I'm thinking that there are no non-commuting connected Lie groups (not sure how to proceed to the disconnected case yet), but I want to be sure. My argument was based on classification of connected one 1-manifolds. My thought was that any connected one-parameter Lie group has to be homeomorphic to the line or the circle. I figured that since there are unique differential structures on each and since we know that the Lie group has to have a differential structure, and since the line and the circle are not diffeomorphic to each other, that the Lie group has to diffeomorphic to either the line or the circle. That would suggest that every connected one-parameter Lie group is equivalent (diffeomorphic and homomorphic at the same time, whatever fancy morphism that would be) to either good ol' translation in one dimension or SO2. In either case, the group commutes. Have I made any fallacies? I want to double check because I'm new to Lie groups and differential topology.

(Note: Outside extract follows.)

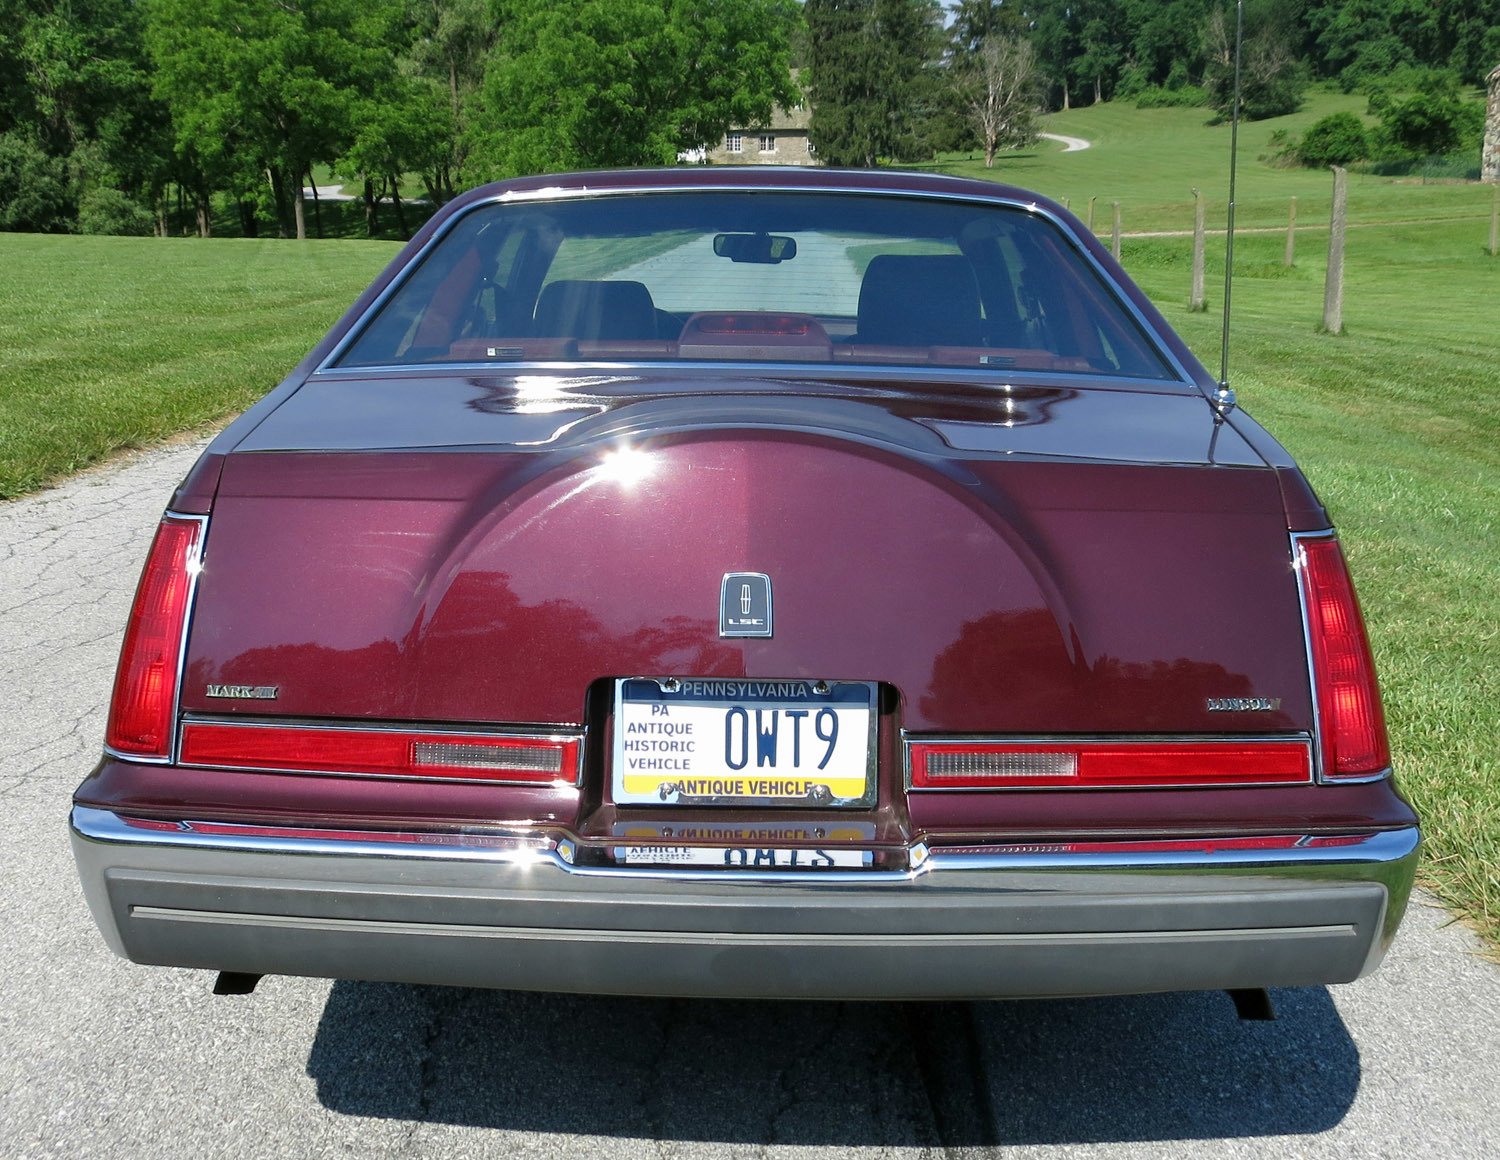 1989 Lincoln Mark VII

I'm fairly sure you can prove my conjecture (no noncommuting connected one-parameter Lie groups) easily from Lie algebra axioms and the correspondence theorems, but my intuitions on Lie algebras aren't that strong yet and I haven't yet proved the correspondence theorems, so I stuck to what I know about Lie groups. That said, if you have said proof, I'd appreciate seeing it.

Finally, if you know how I can extend this to the disconnected case, I would love some hints (no spoilers please!). I would think that there would be constraints on how disconnected a Lie group can be, but my topology and algebra aren't strong enough to say exactly what.

Thanks!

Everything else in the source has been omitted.